Любопытно, что в тот же самый день в Киеве, в республиканской «Рабочей газете» с утра вышла «утка»: «Обстановка нормализуется. Стахановчане покинули площадь… соб. кор. Шакалов».

За все эти «подвиги», за попытки и в Москве, в коридорах власти, разъединить, поссорить шахтёрские делегации всех бассейнов страны, депутату Царевскому на площади Брянки было выражено громогласное всеобщее презрение. С чем ему пришлось оставить Донбасс.

 

Ещё двадцать дней потом длилась забастовка. Рабочие сделали всё возможное для улучшения жизни своими силами. Четырнадцатого августа они спустились в шахты. Дальнейший простой грозил необратимым технологическим ущербом. Свою борьбу продолжили на общественных началах, то есть после смен и в выходные дни по скользящему графику.

 

В Брянке сопротивление рабочему контролю возросло мгновенно. То администрация шахт коллективы разной ложью против стачкомов настраивает, будто те выгоду тайную от торговли имеют. То прокурор не даёт санкции проверять полукриминальный кооперативчик. А то где-нибудь опять противоправную торговлю по талонам возобновляют.

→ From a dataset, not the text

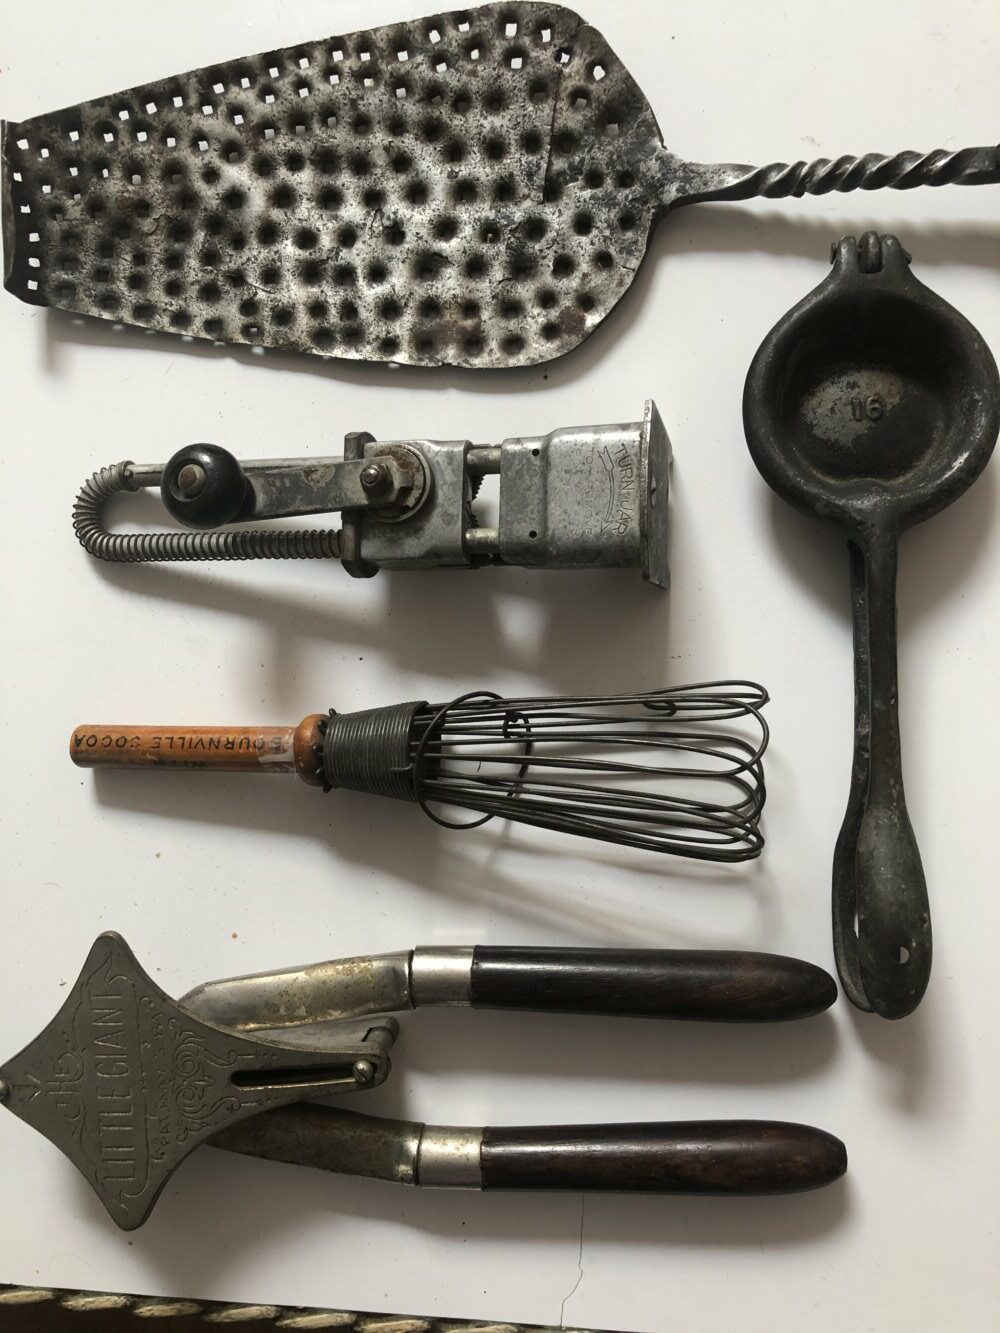 25 Vintage Kitchen Tools - History of Kitchen Tools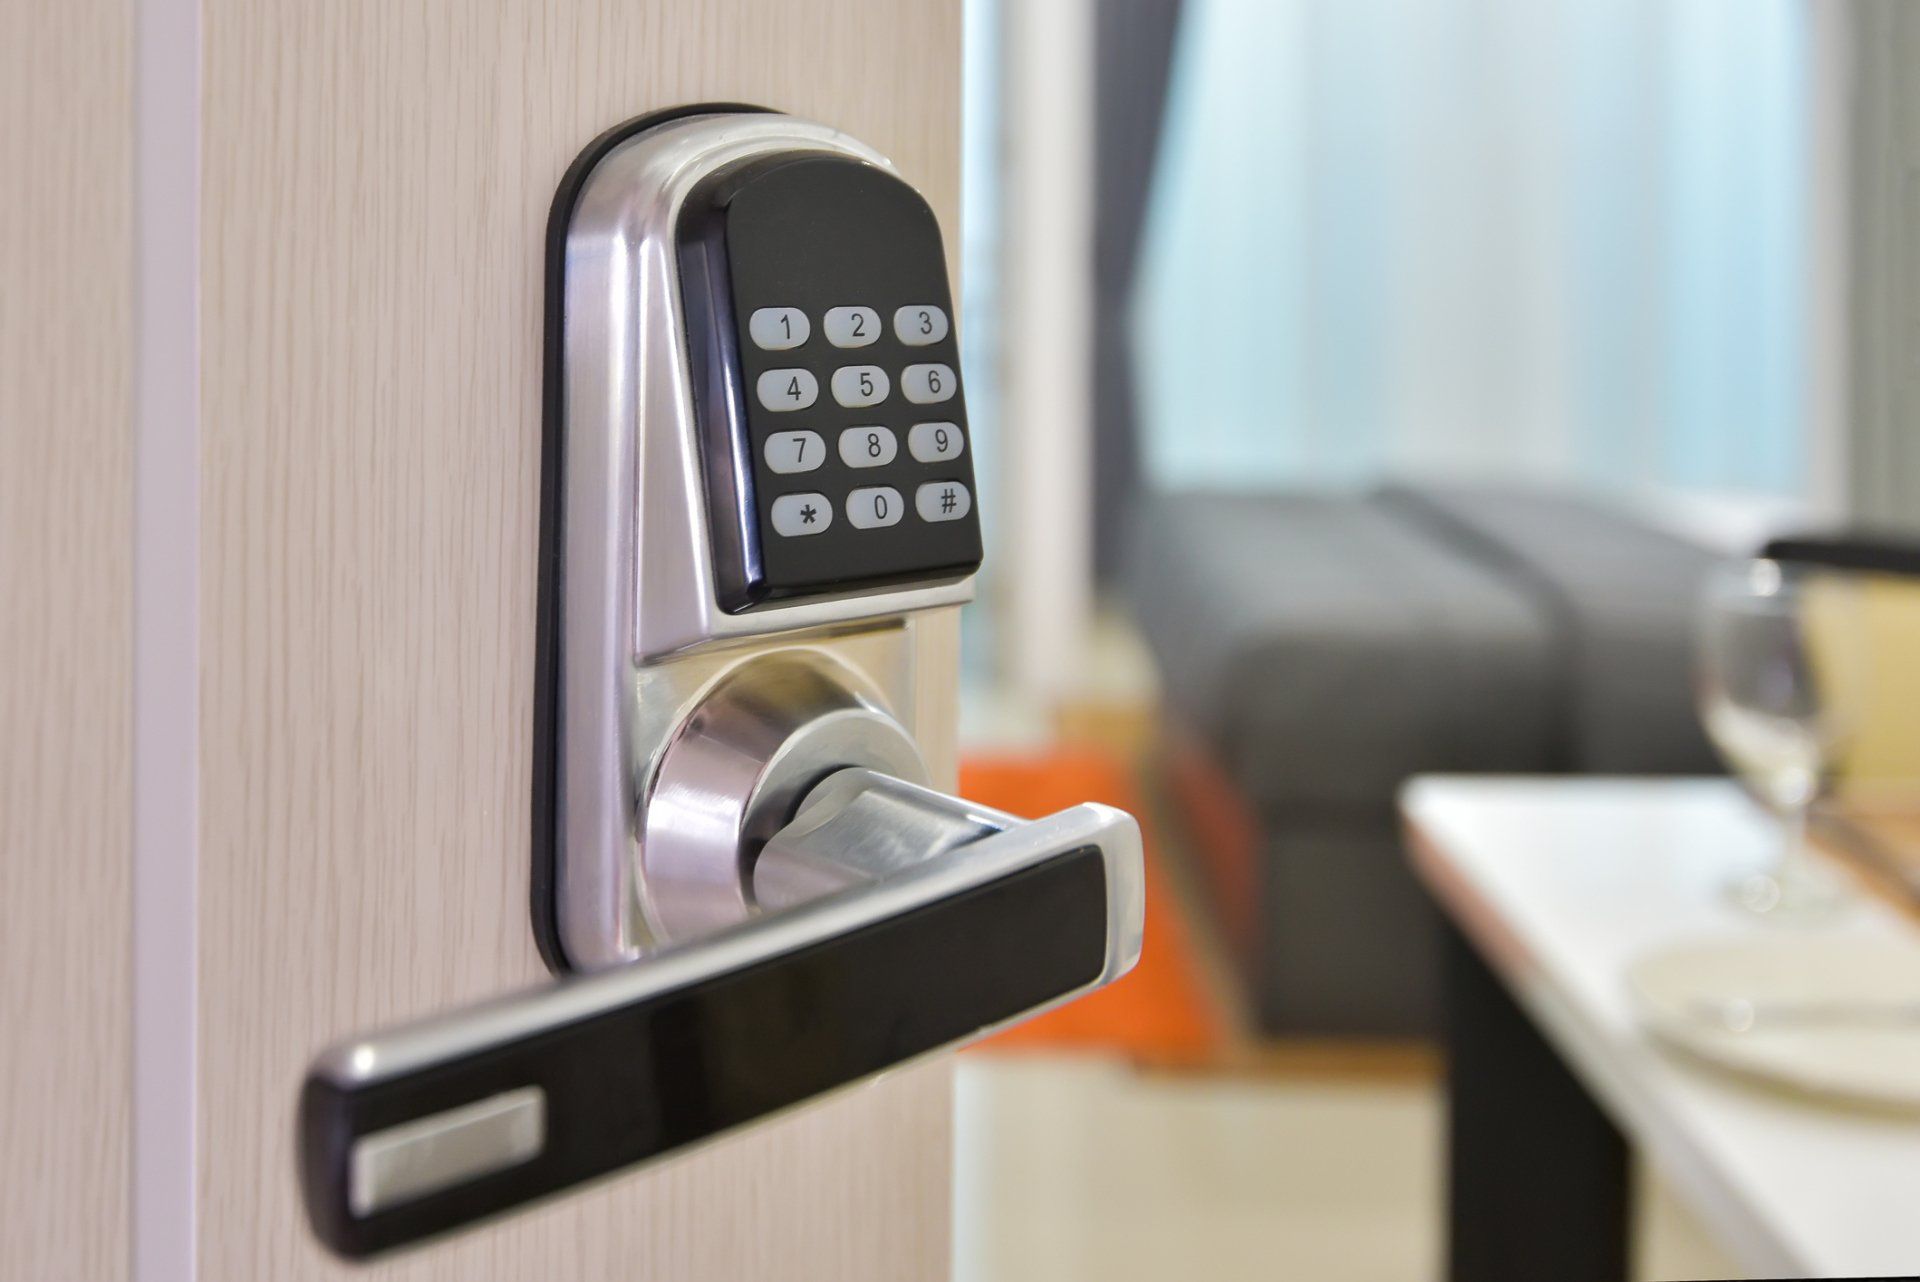 Electronic Door Access Control System Machine — High Quality Locks in Boca Raton, FL

И ещё, дикими стрелами хазарскими по степи слухи полетели: «Назаренку-то свои в драке подрезали. А стачком перегрызся и распался»…

Но всё ж у соседей в Кировске чиновники оказались находчивей. Горком провел мероприятие – «единый политдень» - и открыто обвинил забастовщиков в тунеядстве и развращении собственных детей!

Сюда же следует прибавить прослушивание стачкомовских телефонов, пропажу из сейфов рабочих бумаг, сбор сведений о членах комитетов сотрудниками МВД и КГБ. К моменту съезда делегаций шахтёров в Кремле нужные сведения на каждого уже имелись. А после самых деятельных рабочих через военкоматы отправили до самой зимы в зону ликвидации последствий Чернобыльской аварии.

 

Спустя месяц под тяжестью этих обстоятельств несколько стачкомовцев Брянки с документами в чемодане отправились в Москву – требовать приезда обещанной союзной комиссии для разбирательства последствий и устранения причин раздора. Но Прокуратура СССР, согласно инструкции, переправила дело в республиканскую. А та – в областную. Круг замкнулся.

 

И тогда хлопцы кинулись в Совет Министров. У Мавзолея рыжий капитан милиции на вопрос, как попасть в приёмную «до товарища Рябева», процедил небрежно: «Если вас туда кто-нибудь пустить». Но адрес всё же назвал.

Рыжий капитан оказался прав. Тщательно причёсанный седой дежурный, с явно «гэбэшным» прошлым, ответил сдержанно: «Нет. Нельзя. Не положено. Подайте на бланке». Ну, хотя бы письмо в окошке приняли, и то надежда. Письмо, правда, без ответа.

 

Так вот и гуляют по столице шахтёры – бунтари и правдолюбы «на общественных началах и за свой счёт». А сверху, с ремстройплощадок Москвы рассматривают эту нашу у «парадных подъездов» жизнь валютные иностранные рабочие. «Гастарбайтеры» - новое знамение надвигающегося времени (совсем уже скоро всех нас, ради удобства дальнейшей эксплуатации, сделают друг для друга «иностранцами, инородцами, иноверцами…»).